Das Syndicat Géneral des Vignerons de la Champagne (SGV) kommt nun hoffentlich zur Ruhe. Am neuen Prachtbau des Verbands lässt sich erstmal nicht rütteln, gefragt ist jetzt eine Verbandsführung, die bei den Winzern wieder Ruhe einkehren lässt.

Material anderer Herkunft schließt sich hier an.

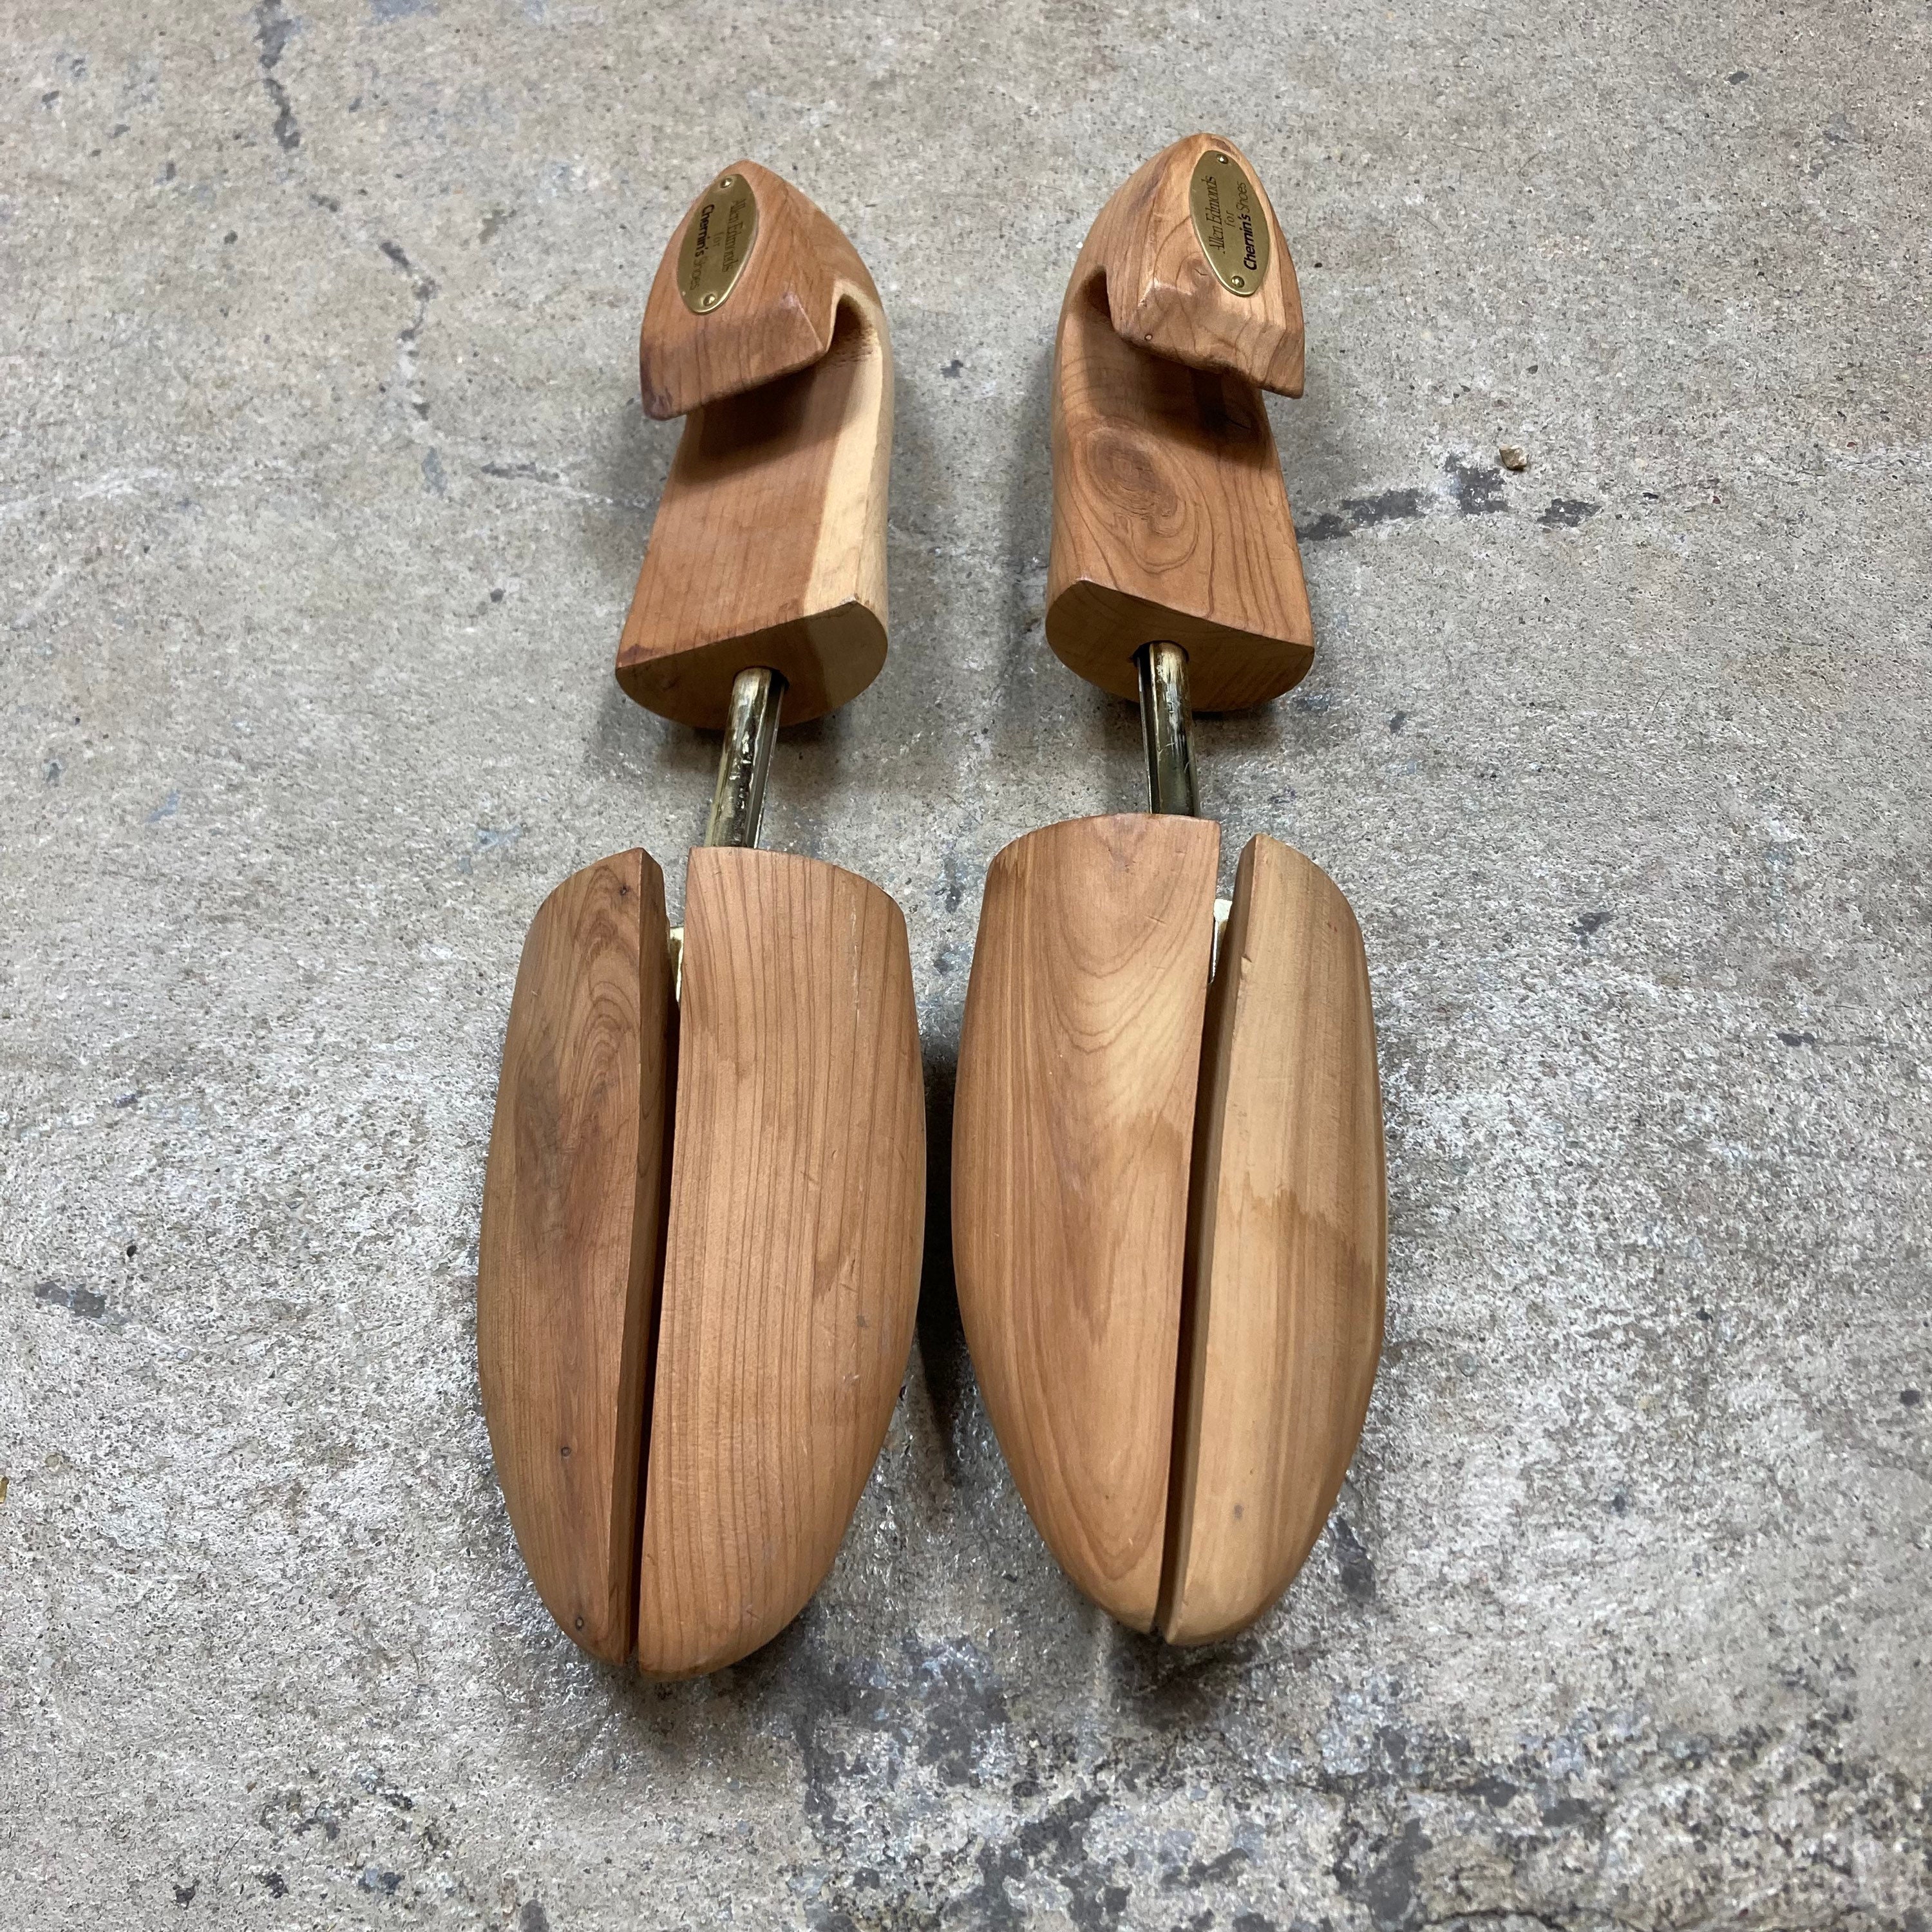 logei® 1 Pair Cedar Wood Shoe Tree Shoe Stretcher Shaper Size 35-36 
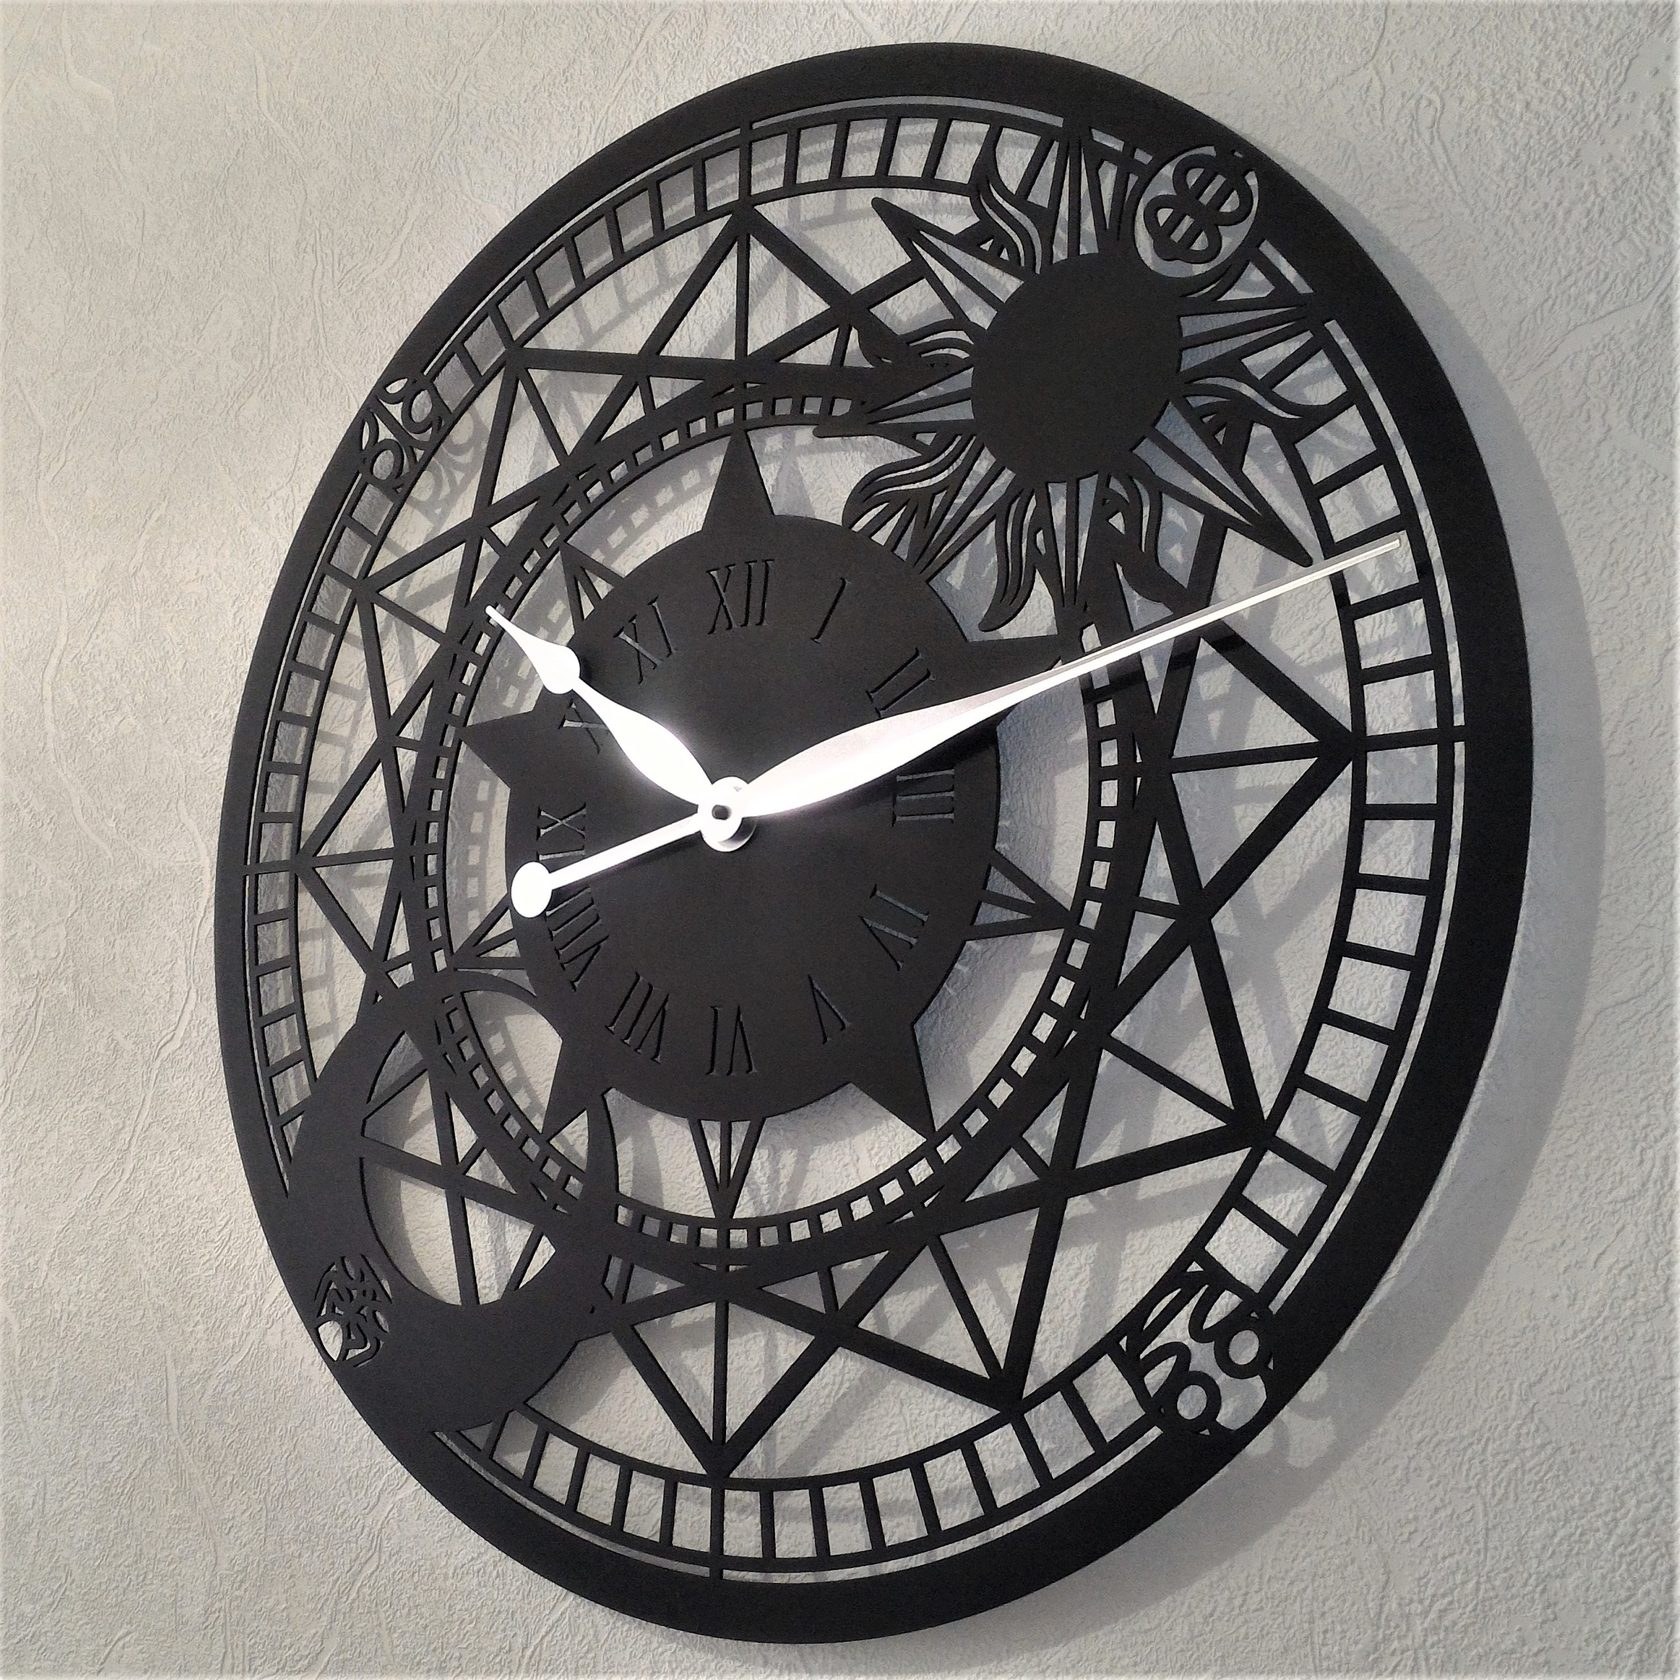 Нестандартные часы. Часы кованые настенные. Часы настенные металлические. Часы на стену из металла. Часы настенные из металла.

Als Präsident konnte sich gestern Pascal Férat mit 30 von 48 Wählerstimmen (das entspricht 62%) gegen Pierre Cheval und Patrick Le Brun durchsetzen. Der 53-jährige ist Récoltant Cooperateur in Vertus und war Chef der dortigen Genossenschaft "La Goutte d'Or", sowie des Genossenschaftsverbands. Insofern ist ihm vielleicht am ehesten zuzutrauen, oder besser zuzumuten, eine aufgebrachte Winzerschaft zu führen.

Unterstützen werden ihn Dominique Fleury, Joel Falmet und Maxime Toubart als Vizepräsidenten, Generalsekretär wird Remi Durand. Antoine Chiquet, Jocelyne Dravigny, Joël Follet, Michel Furdyna und Hervé Tissier bilden den erweiterten Führungsstab.